Nintendo's Online Strategy: Behind The Times, Or A Means To Fight Evil?
For years, the big N neglected online gaming. Perhaps there's a horrifying reason why.
James Cameron's film, Aliens, is full of memorable scenes and quotes. One of the lesser known lines occurs a little more than halfway through, when Hicks, noticing his marines are in rough shape, attempts to keep them focused on defending the perimeter.
Hey. I know we're all in strung out shape, but stay frosty, and alert. We can't afford to let one of those bastards in here.
Sound advice, despite the fact that minutes later, the entire area's overrun with xenomorphs, all because our heroes missed one critical point of entry in the ceiling. You probably know what happens next. All hell breaks loose. People die. Situation FUBAR.
We couldn't help but recall that part of the movie while enjoying multiplayer races in Mario Kart 7, because it brings to mind Nintendo's online strategy, or lack thereof.
For years, the big N has received plenty of criticism from gamers that feel the Japanese based company is behind the times, that it simply doesn't get online play, or the benefit of creating an advanced and always connected service, such as Xbox Live and PlayStation Network.
To be fair, the publisher's made strides, including a DS headset for Metroid Prime Hunters and the ability to compete against players from around the globe in Mario Kart 7 without those bothersome friend codes. Fans can even create custom messages for others to see.
This reluctance to embrace online connectivity may have something to do with the company's belief that customers prefer local play, or perhaps there's some piece of research showing the majority of folks ignore online features altogether.

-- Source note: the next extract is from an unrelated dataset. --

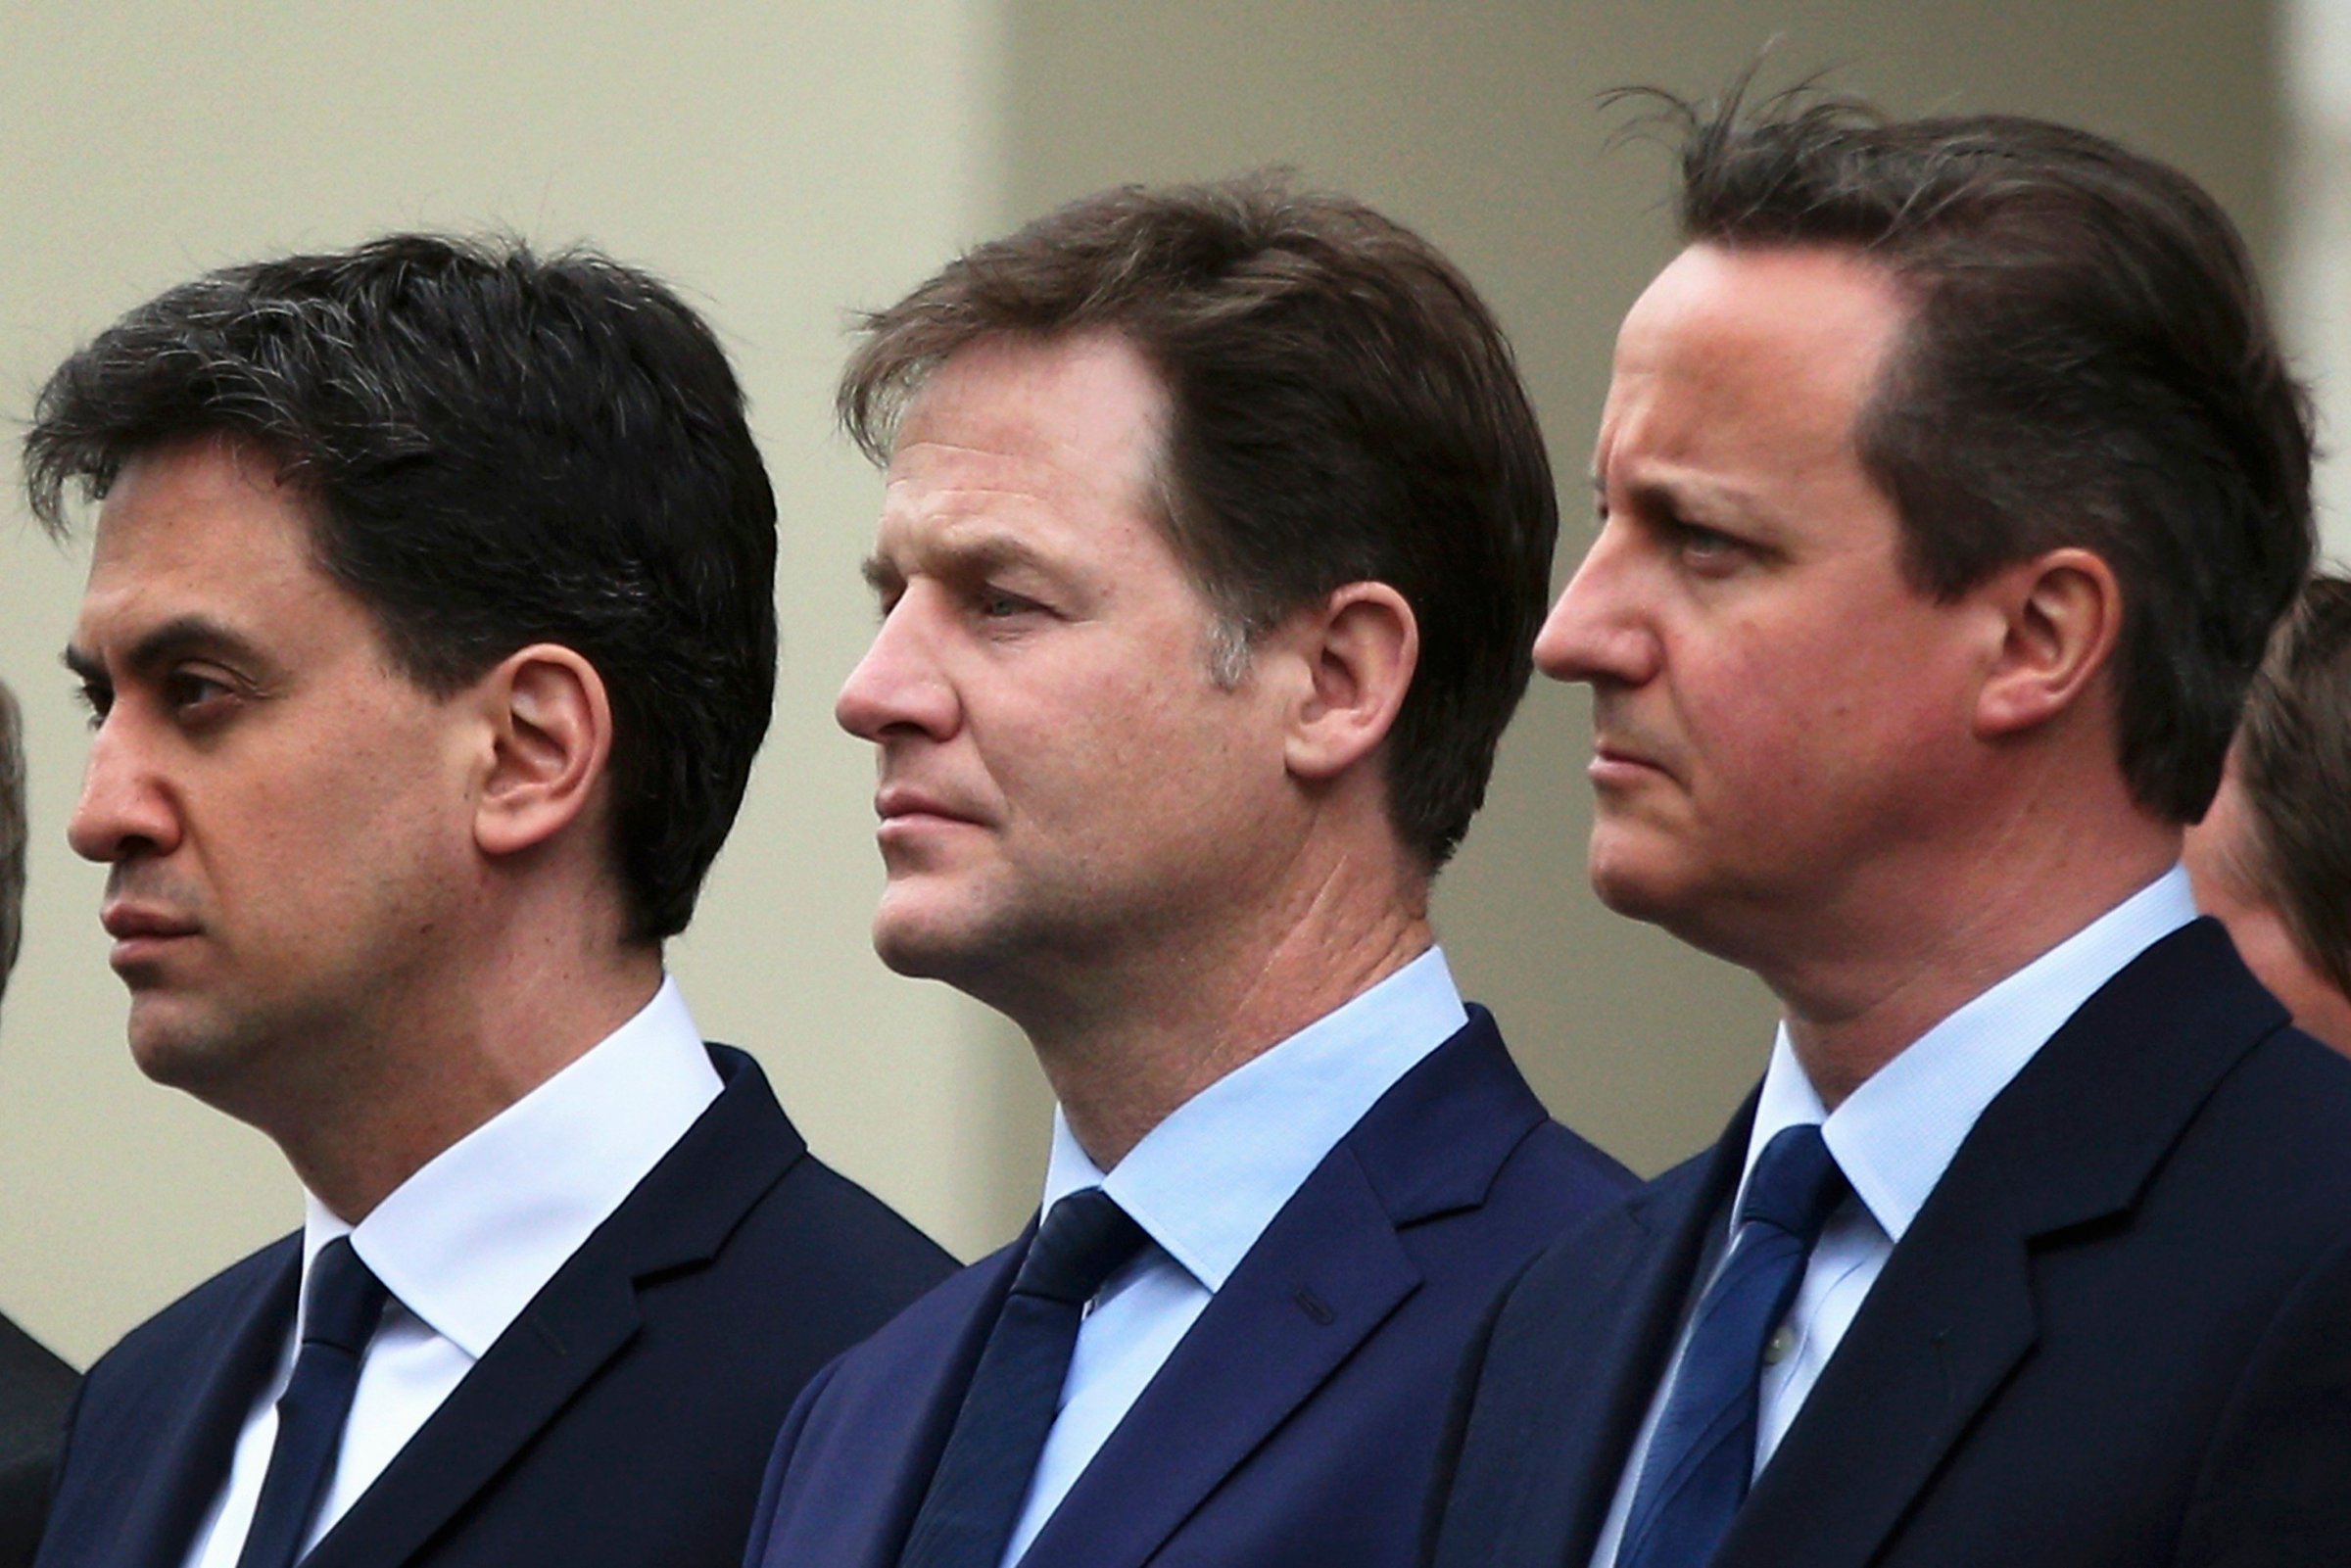 Britain's Prime Minister David Cameron (R) stands with former former Liberal Democrat leader Nick Clegg (C) and former Labour Party leader Ed Miliband, as they line up to pay tribute at the Cenotaph during a Victory in Europe (VE) day ceremony in central London on May 8, 2015.

We, however, see it a different way. Ultimately, Nintendo is terrified (and rightfully so), that one day, the public will associate this...

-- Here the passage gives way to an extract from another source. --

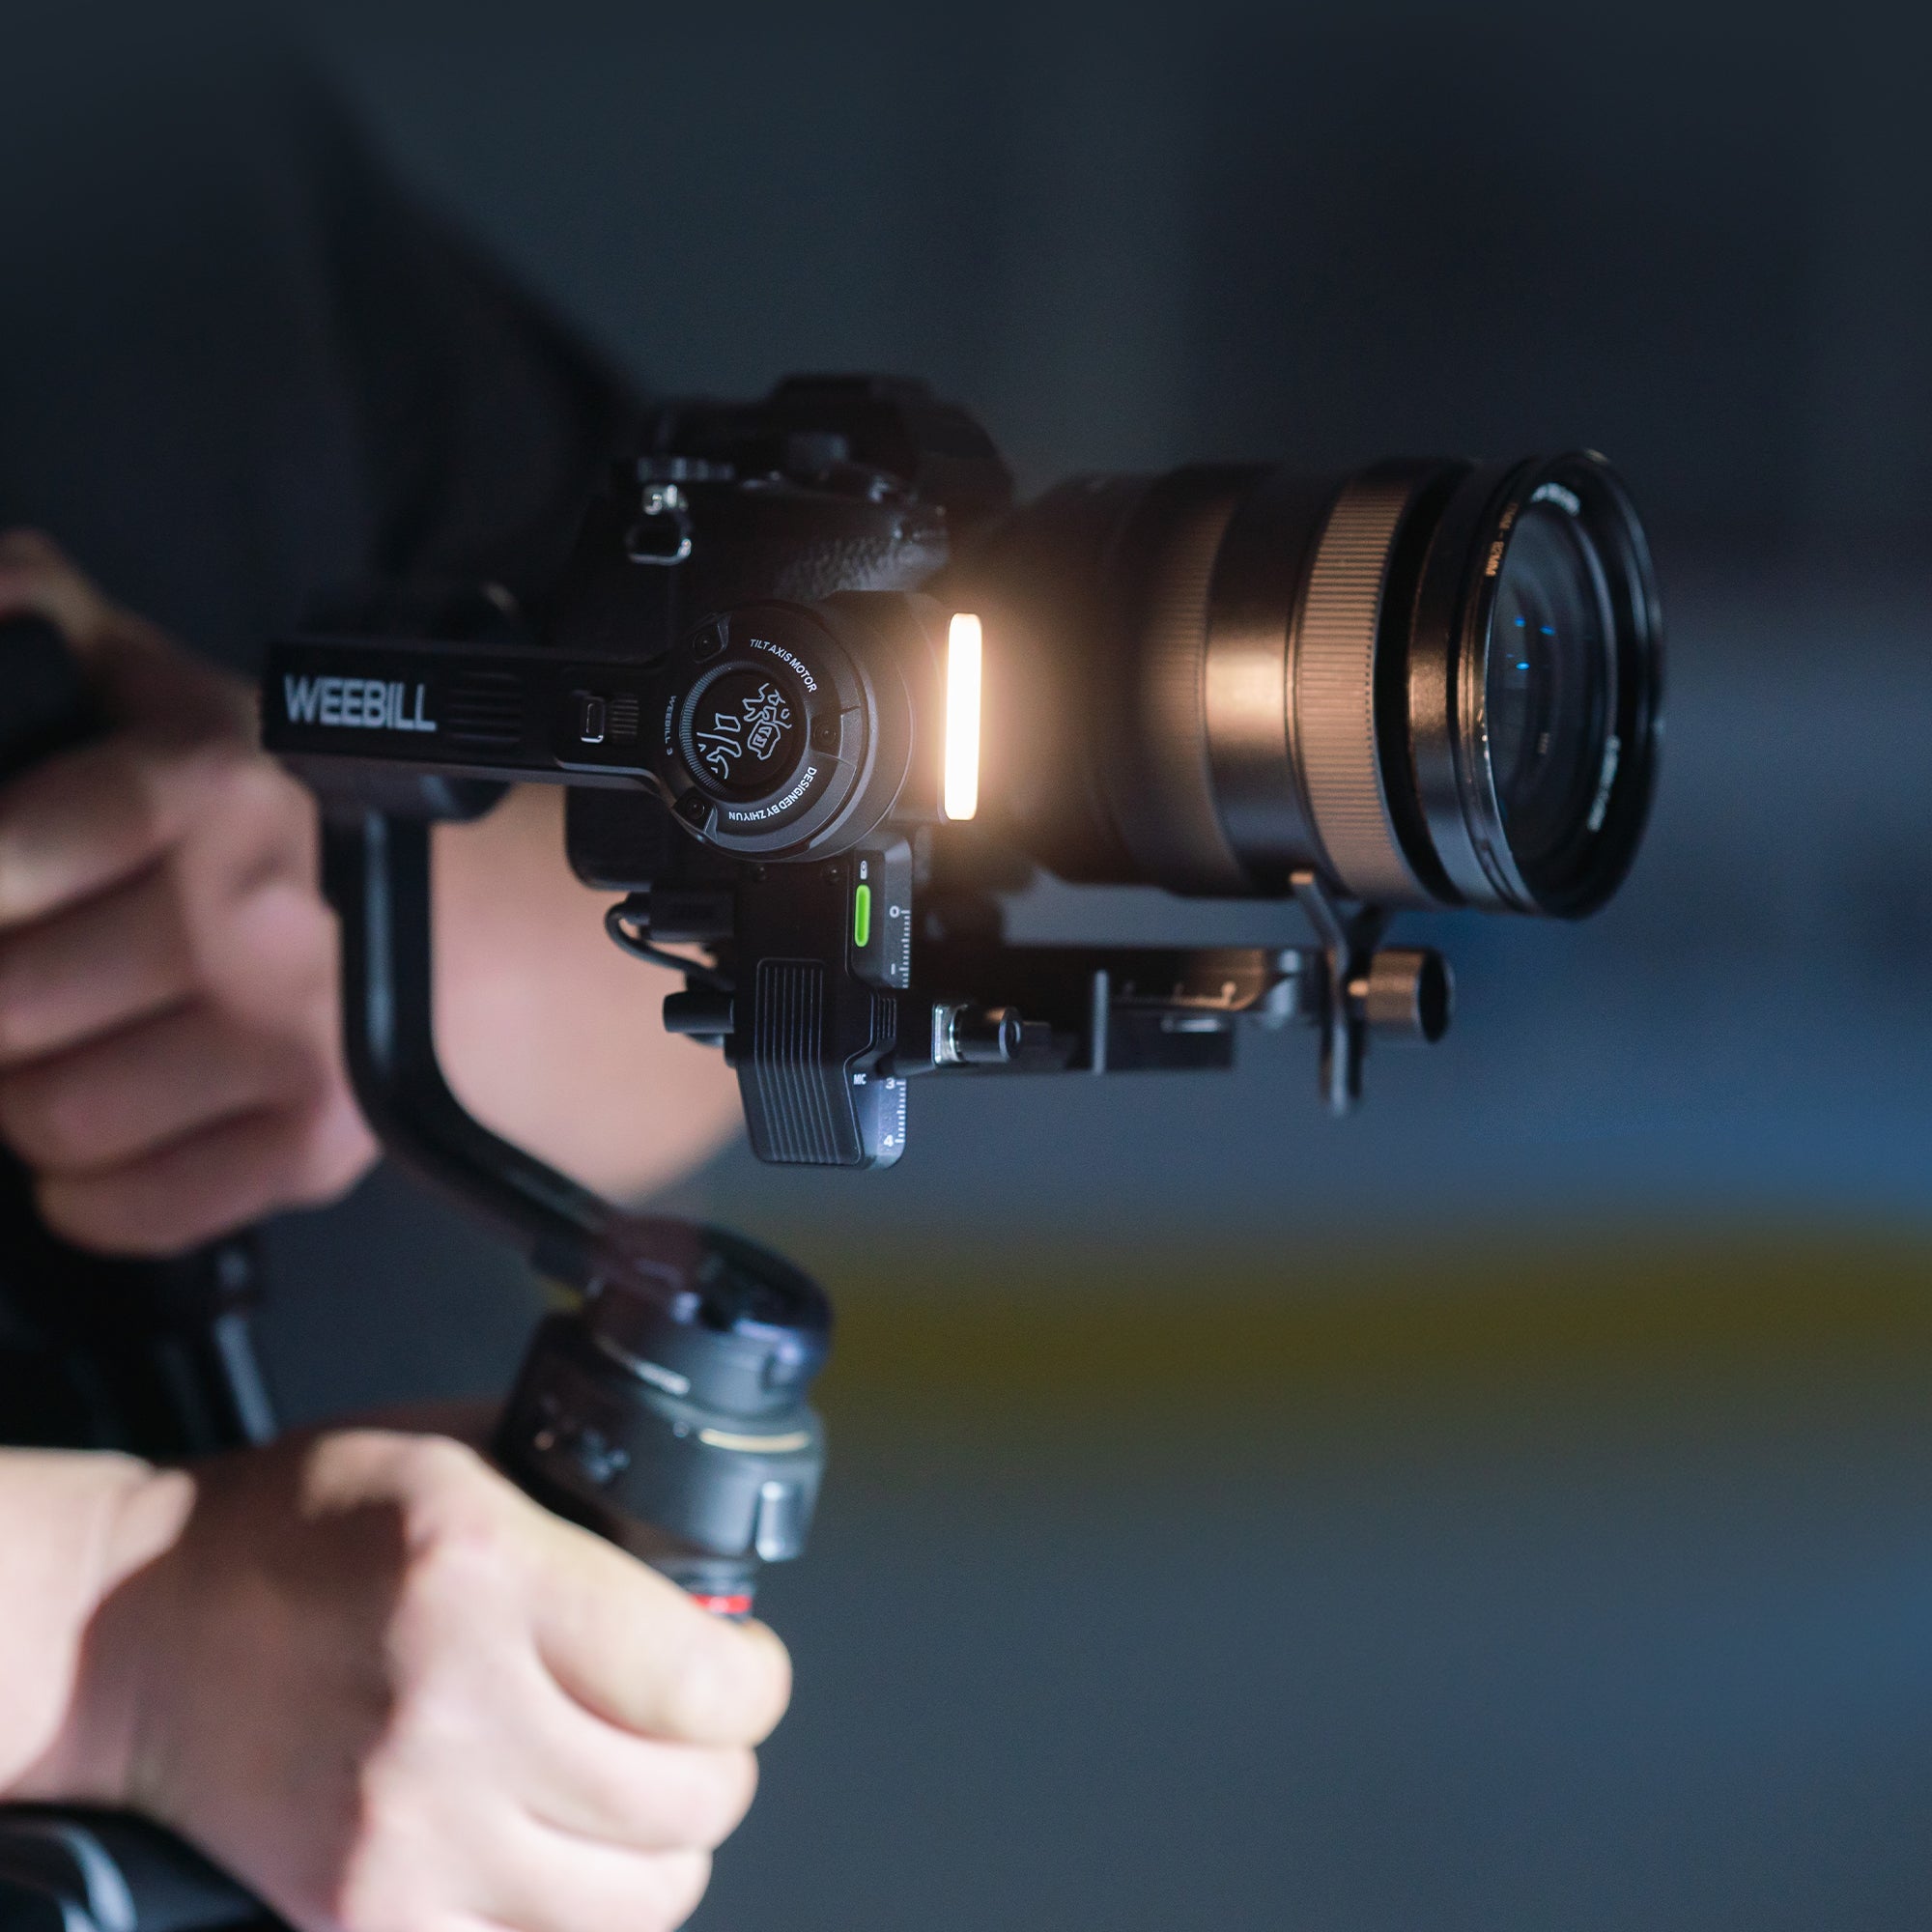 The built-in fill light and microphone give you an incredible efficient filming experience than ever

To which we repeat, we can't afford to let one of those bastards in here.
Don't get us wrong. We're not suggesting Xbox Live and PSN are full of pedophiles seeking to prey on children.
At the same time, it's obvious that kids have been Nintendo's target audience for more than two decades, and when you invest that much time and money creating brand recognition, an ounce of mistrust may result in millions lost, as in customers and dollars. You cannot risk one incident, where some sick man or woman attempts to contact youngsters.
Is this the reason the company has largely ignored pleas to invest in fleshing out online enabled games? We don't know the answer to that.
Regardless, this definitely puts the big N in a tight spot, because it must find a way to keep its older fans happy with online gaming, while at the same time preserving its kid friendly image, the one parents trust.
That said, it'll be curious to see what Nintendo does with 3DS games moving forward, and then its Wii U console in 2012. We're definitely on board with making things safe for players of all ages.
With this in mind, Nintendo must closely examine online multiplayer to make sure its system is locked down. A single breach could prove catastrophic.